By Tom Swanson, Engagement Manager at Heinz Marketing
Novice analysts are often surprised how much time spent working with data is actually cleaning it so that the analysis itself can be done smoothly. While some of us are delighted by data cleaning, others can find it rather tedious. Either way, a well formatted data-set makes analysis much easier and allows for you, the budding analyst, to quickly find the best insights and show your expertise. Depending on the size of your data set, this can be a daunting task, but thankfully, there are many simple and flexible functions that make the process go much faster.
In this post we will be talking about cleaning qualitative data. Qualitative data is great, it gives context to otherwise cold and numeric data sets. However, that comes at a steep price of being hard to analyze at scale. In many survey questions, the answers are non-numeric, but you want to see answer frequency, pivot the data, or be able to segment by answers. Well, there are a few options for doing this, the right one depends on how your raw data is formatted. Let’s dive in!
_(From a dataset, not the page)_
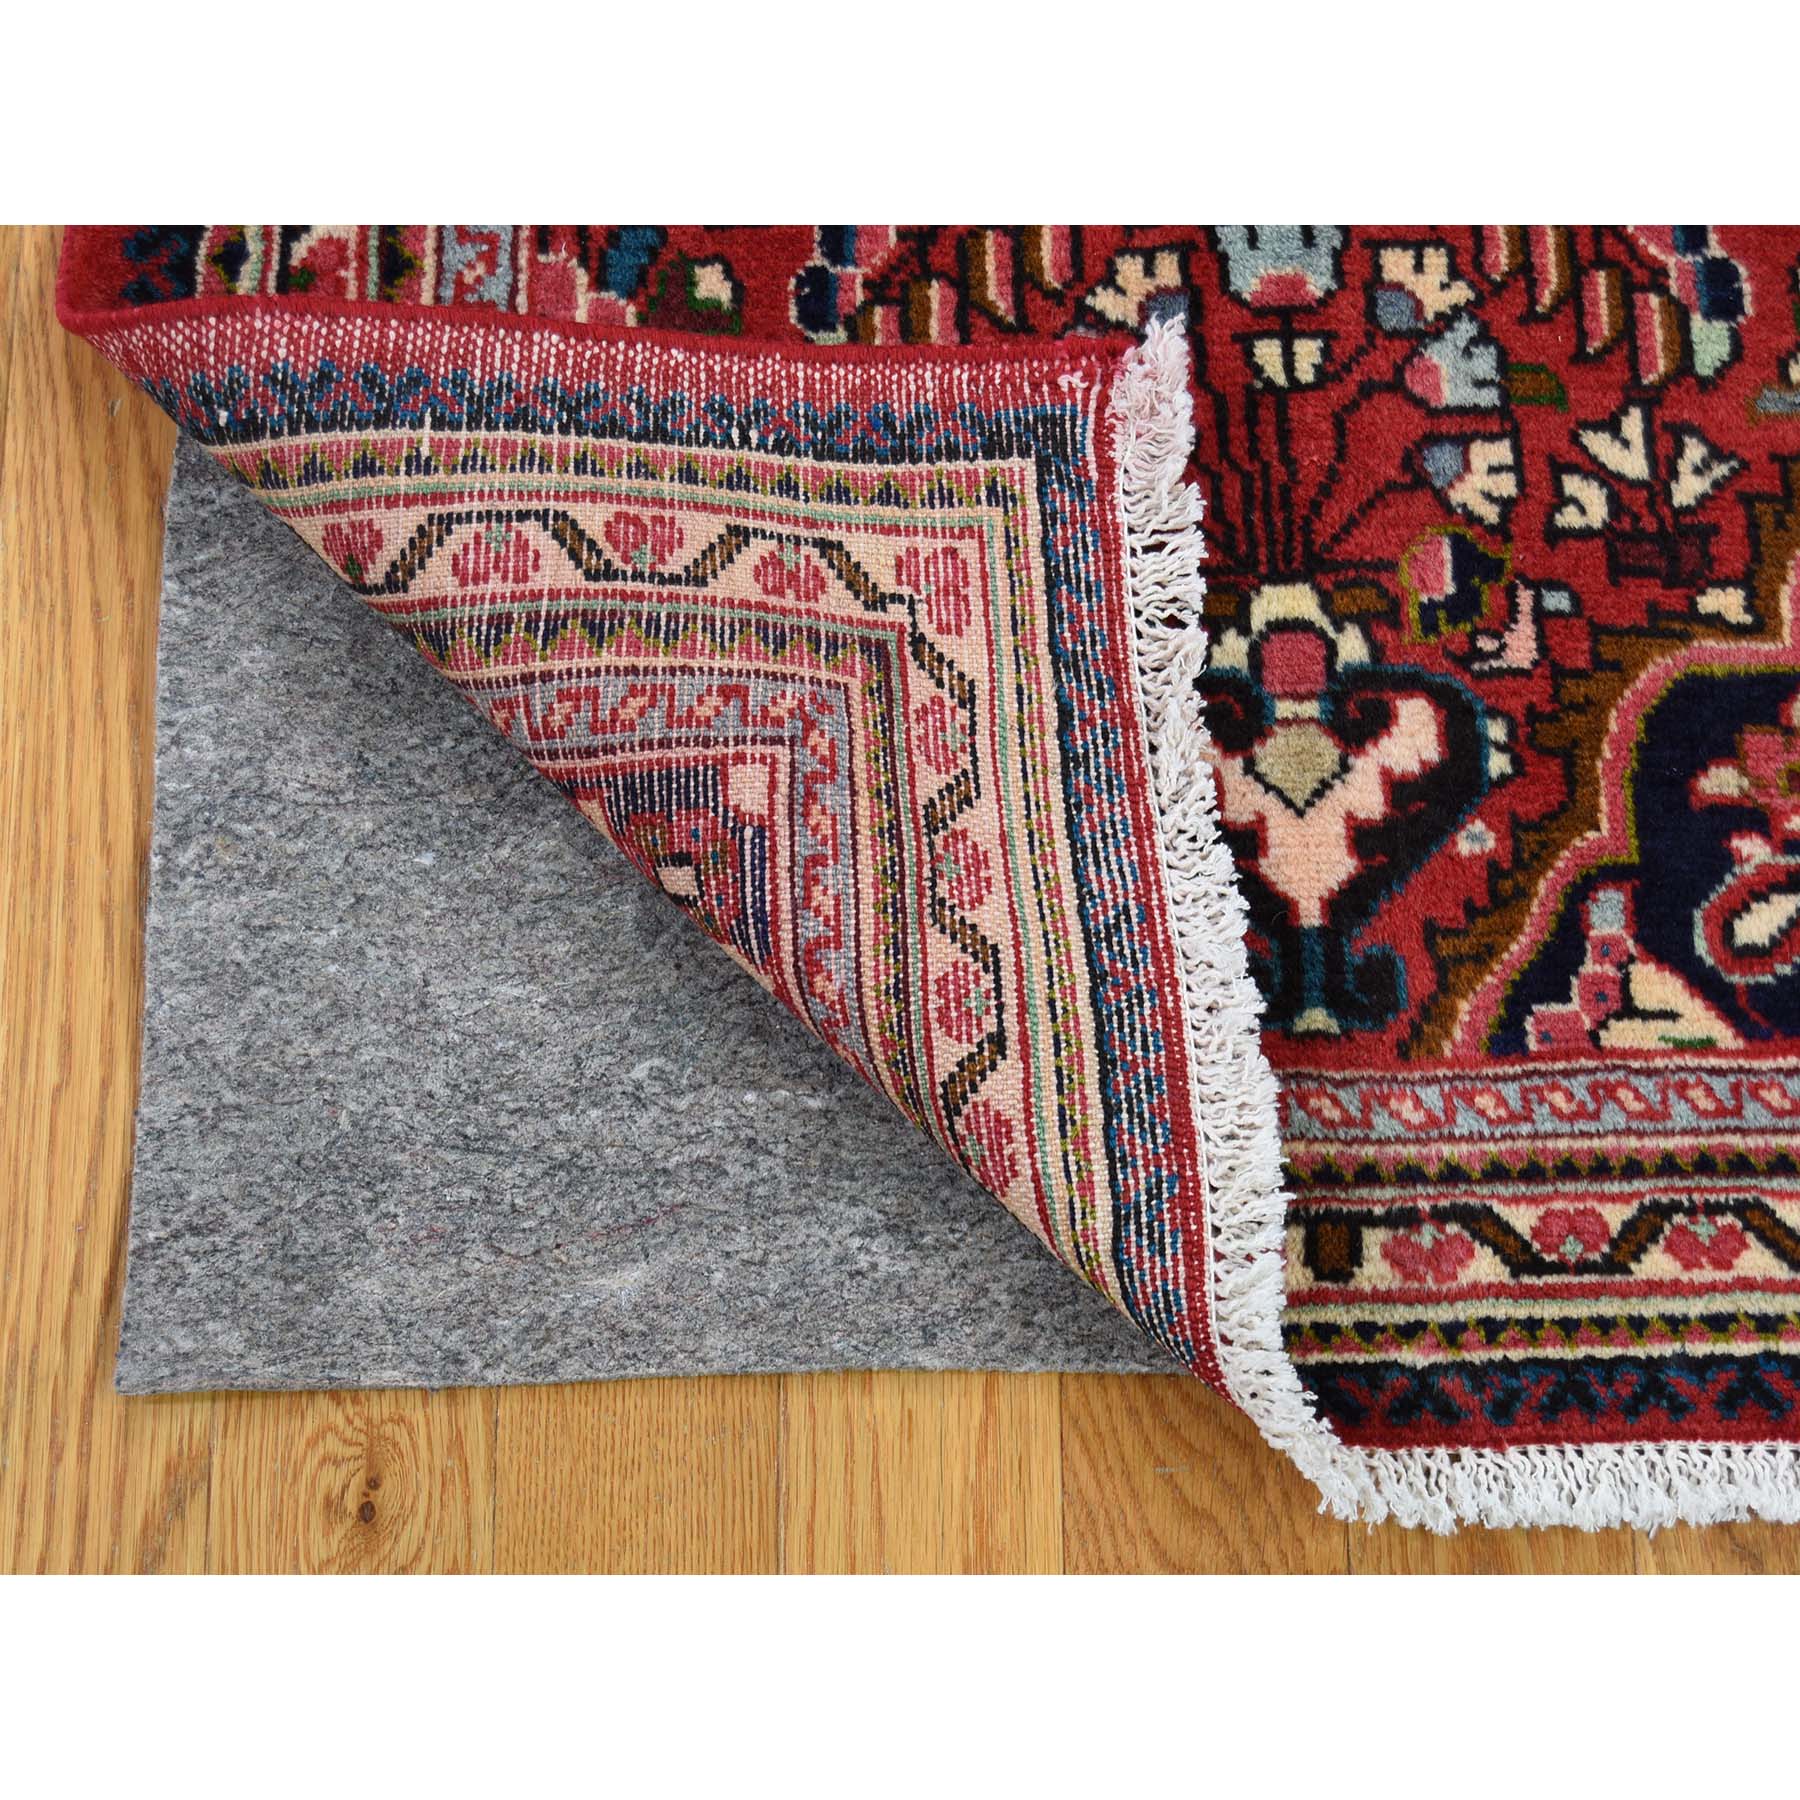 2-6 x4-6  New Persian Lilahan Pure Wool Hand-Knotted Oriental Rug 
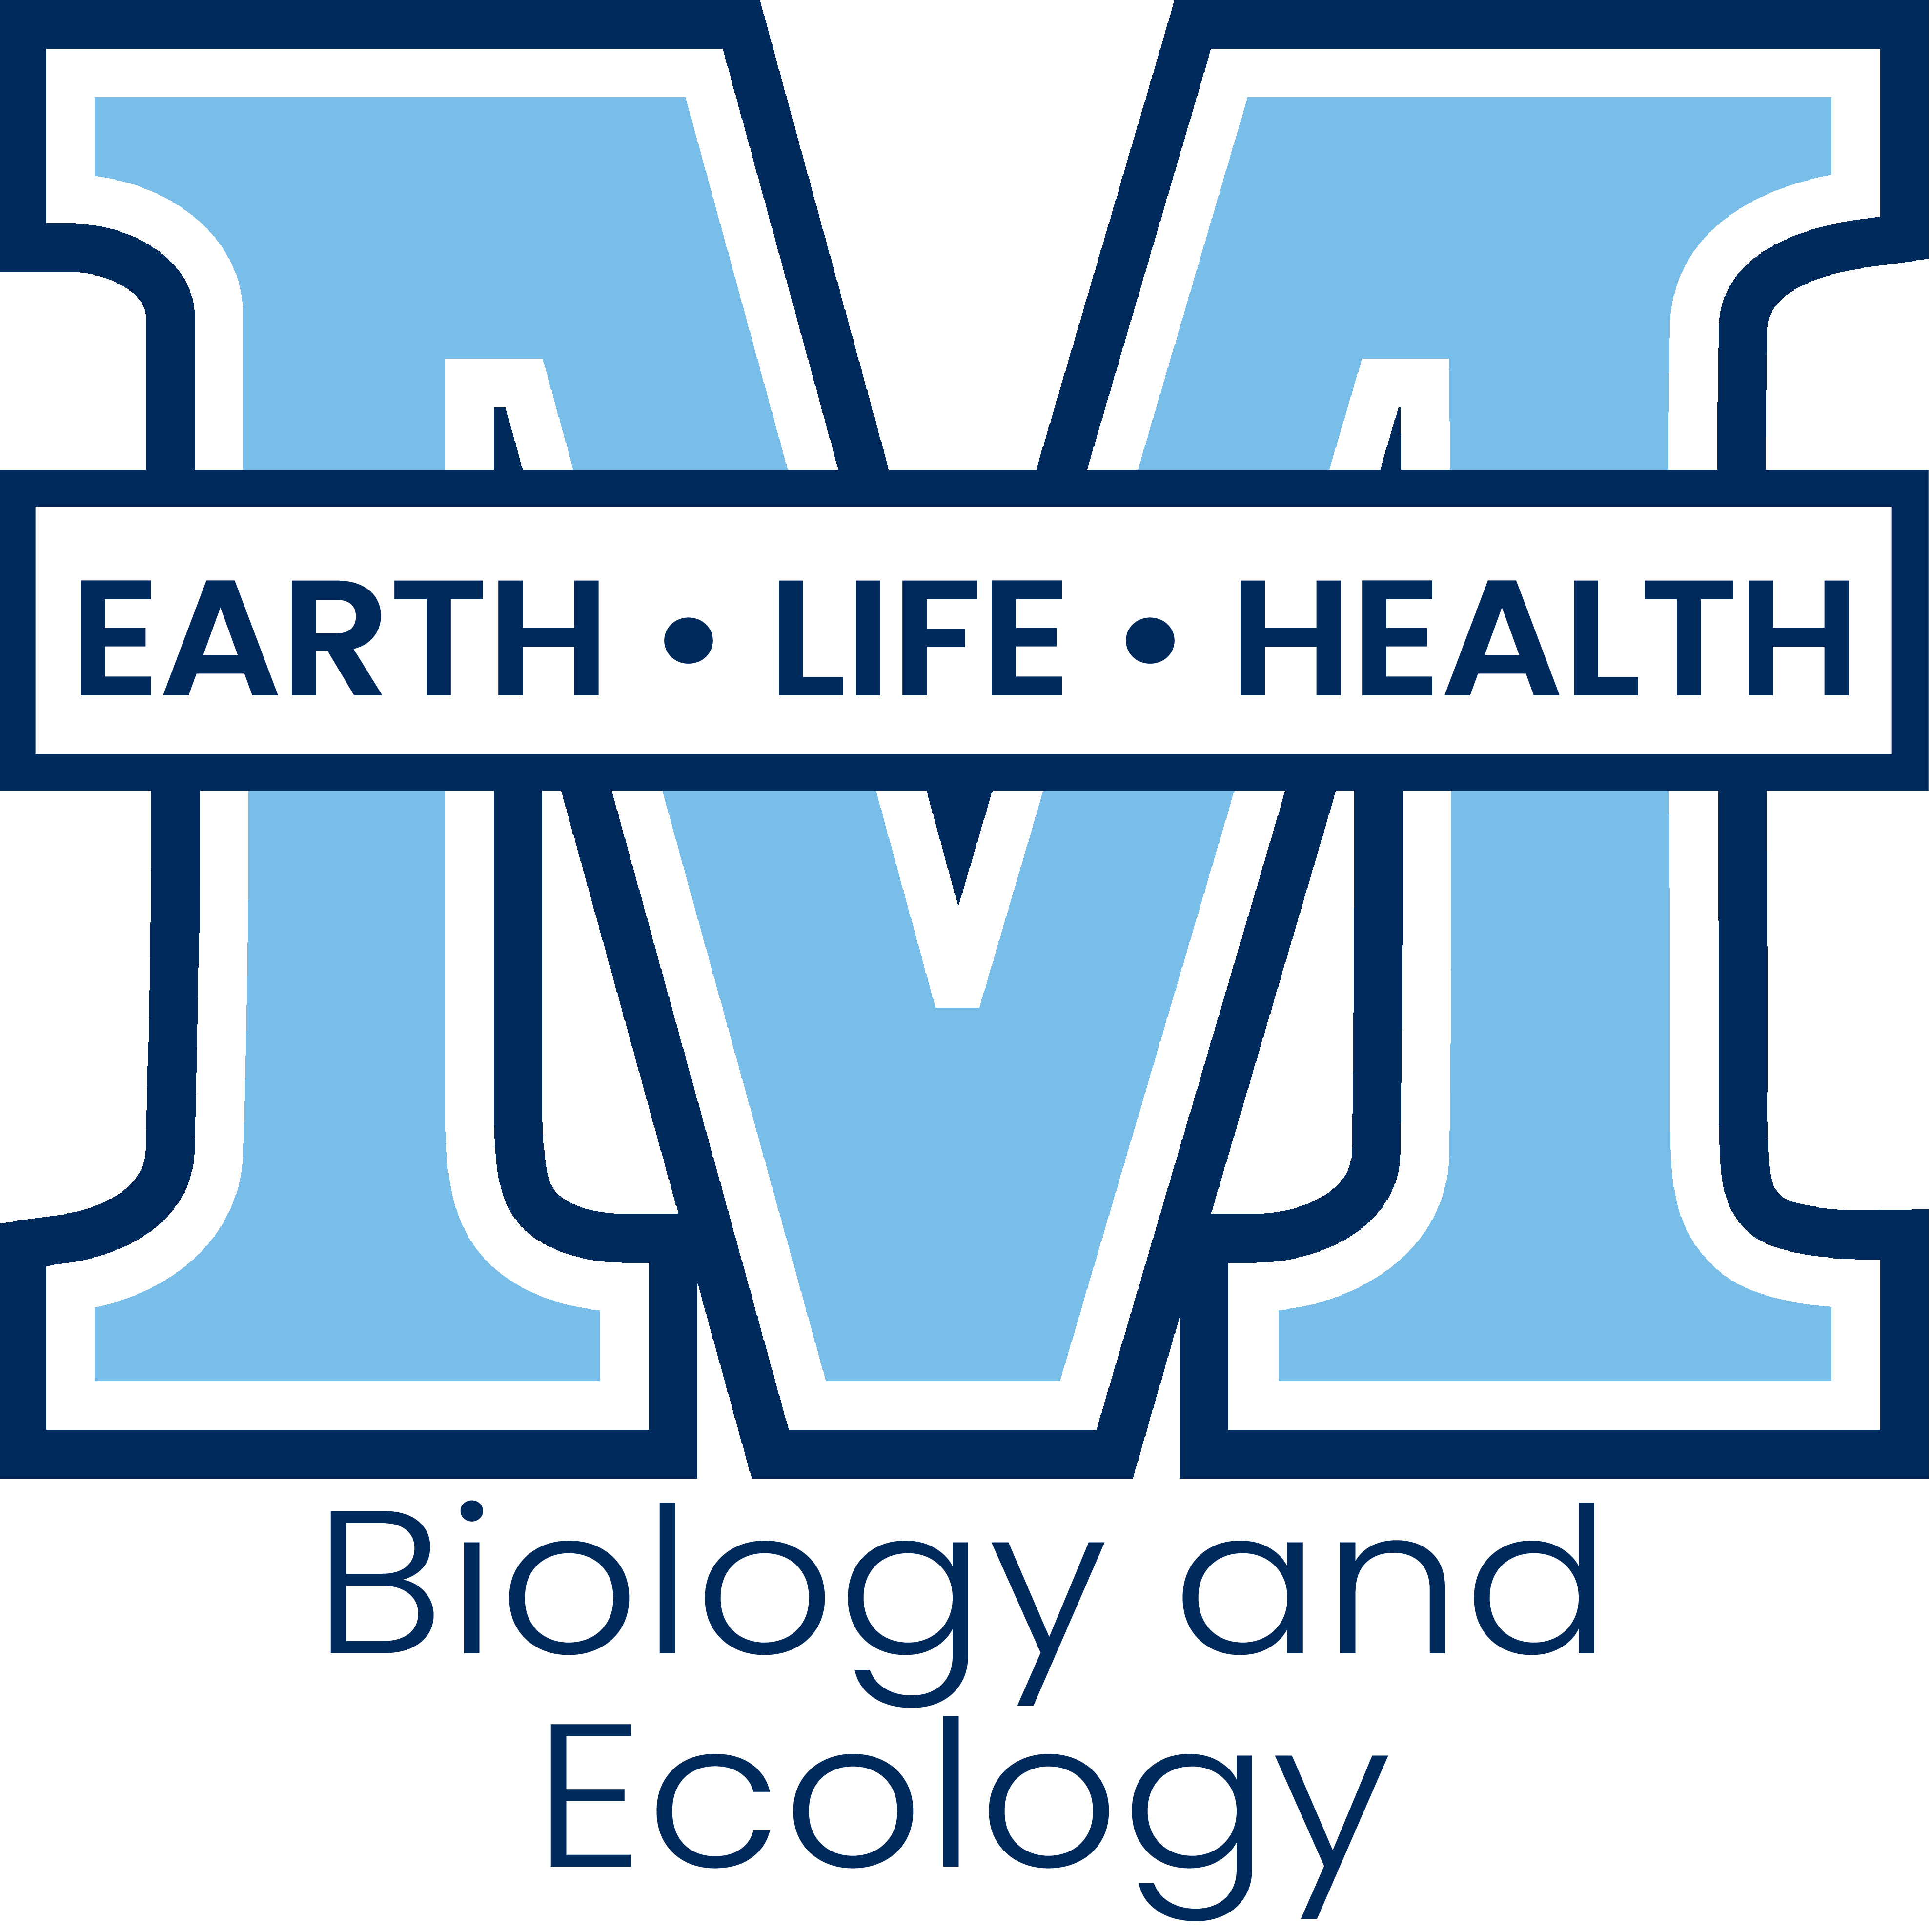 College M logo with biology and ecology

Answers are in the same cell, separated with commas
For the sake of simplicity, we will use a “Select all that apply” question. This is not exactly qualitative data, but it works to demonstrate the functions, which can be applied in a variety of ways. So, take a question like this:
Which animals would you want as pets? (select all that apply)
Your data may wind up looking something like this image:
Google Sheets, for example, delineates “select all that apply” questions like this, with values separated by commas in the same cell. We could count this manually, filter it, or use Google’s analysis interface, but large-scale segmentation will be tedious with data like this.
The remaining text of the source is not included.